- [Exercise directions] Output the data below exactly as it is, dropping the pictures from your copy.

- [Dataset content]

BEGIN

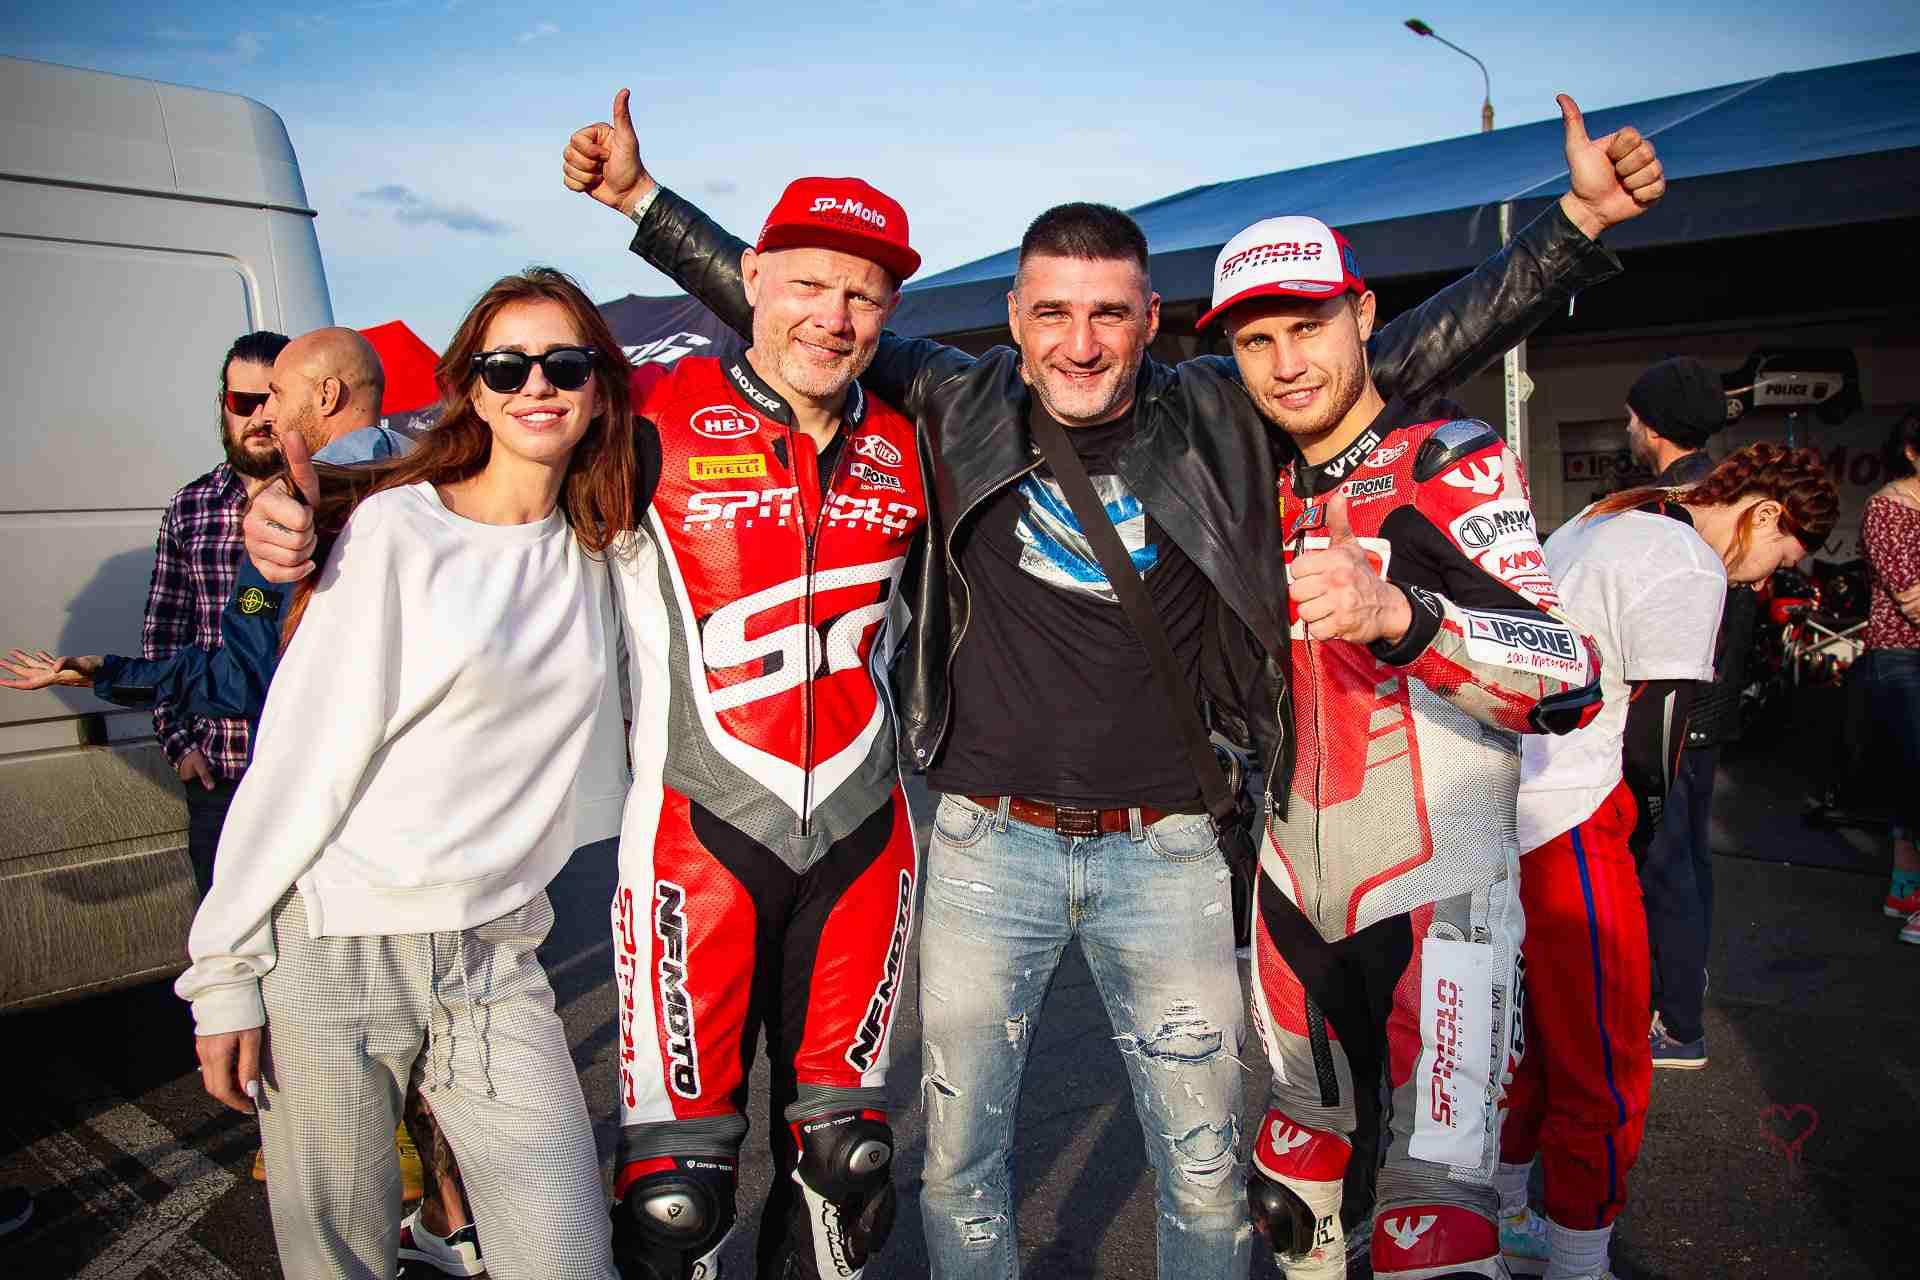 5-6_etap_MotoGPUkraine_108
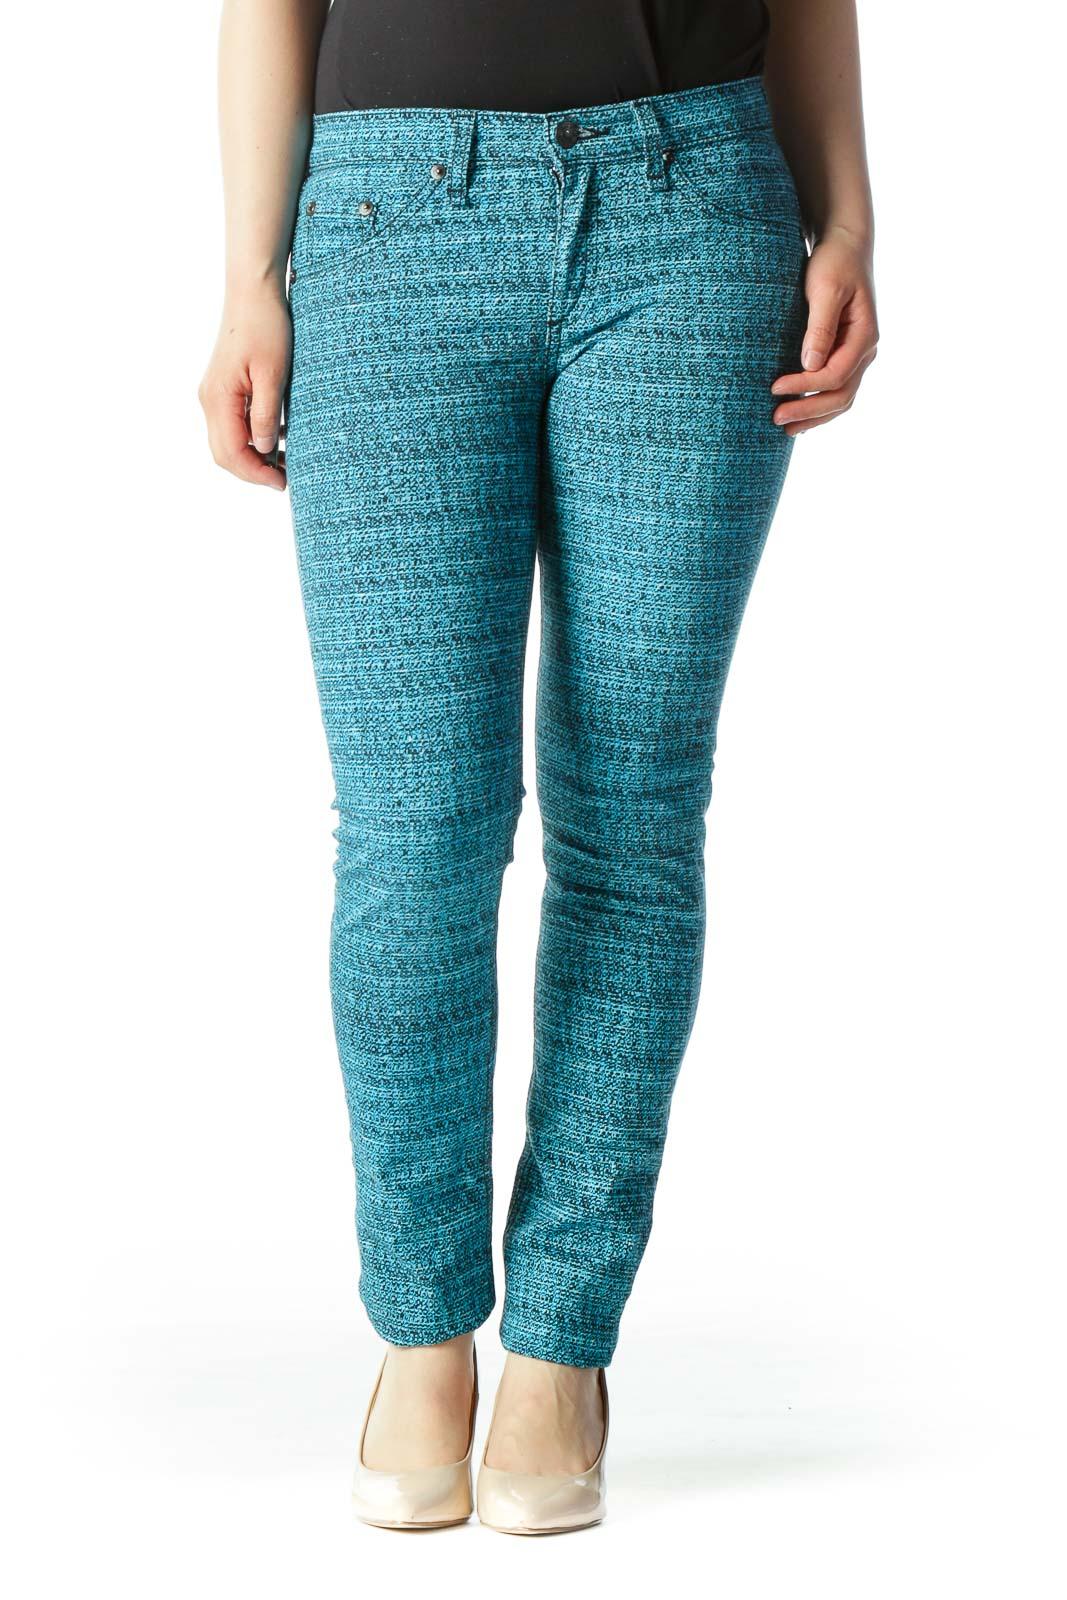 Teal Printed Skinny Pant Front
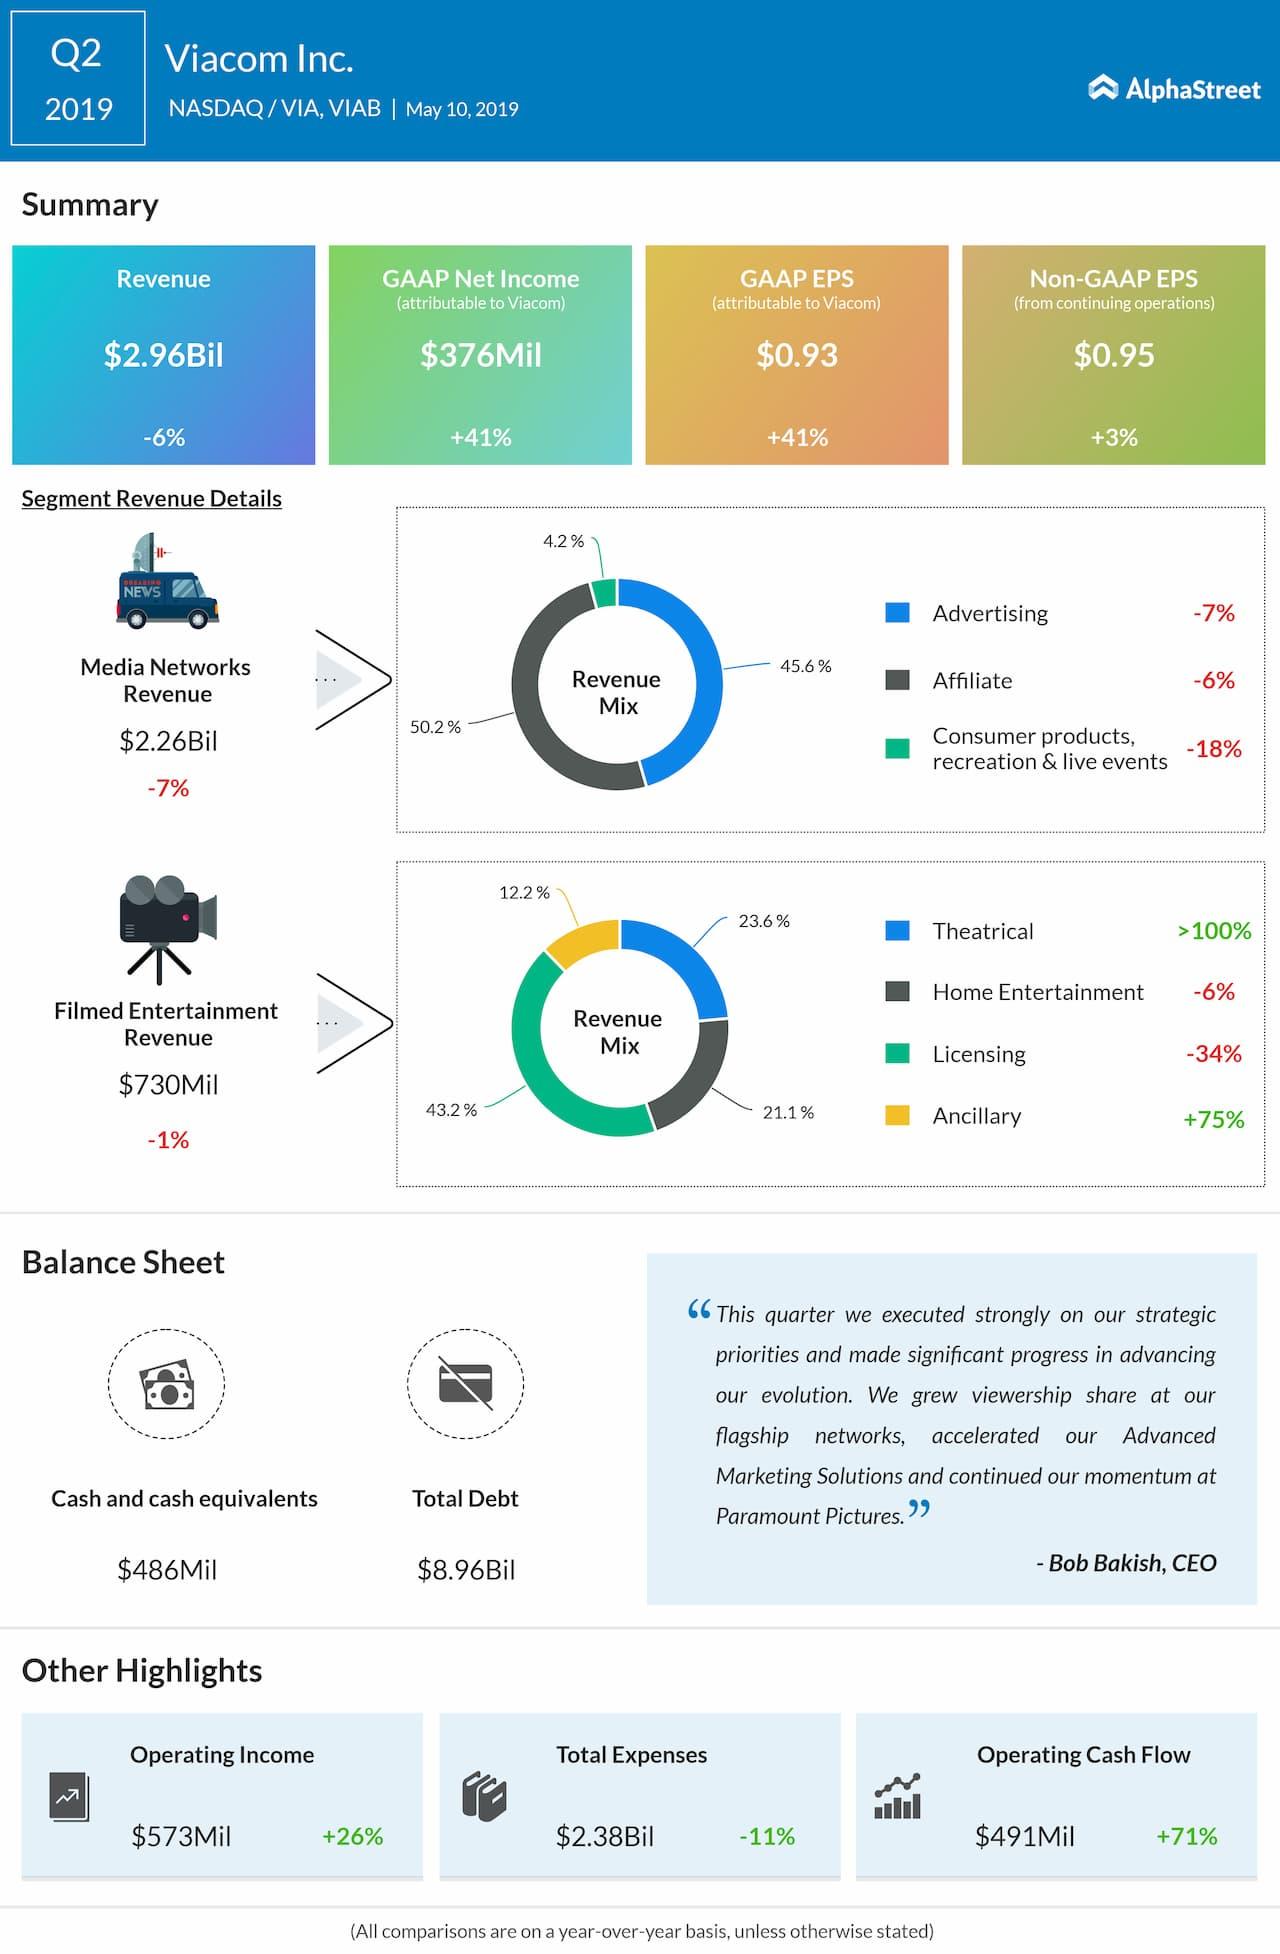 Viacom second quarter 2019 earnings snapshot

END

- [The answer]
 5-6_etap_MotoGPUkraine_108
 Teal Printed Skinny Pant Front
 Viacom second quarter 2019 earnings snapshot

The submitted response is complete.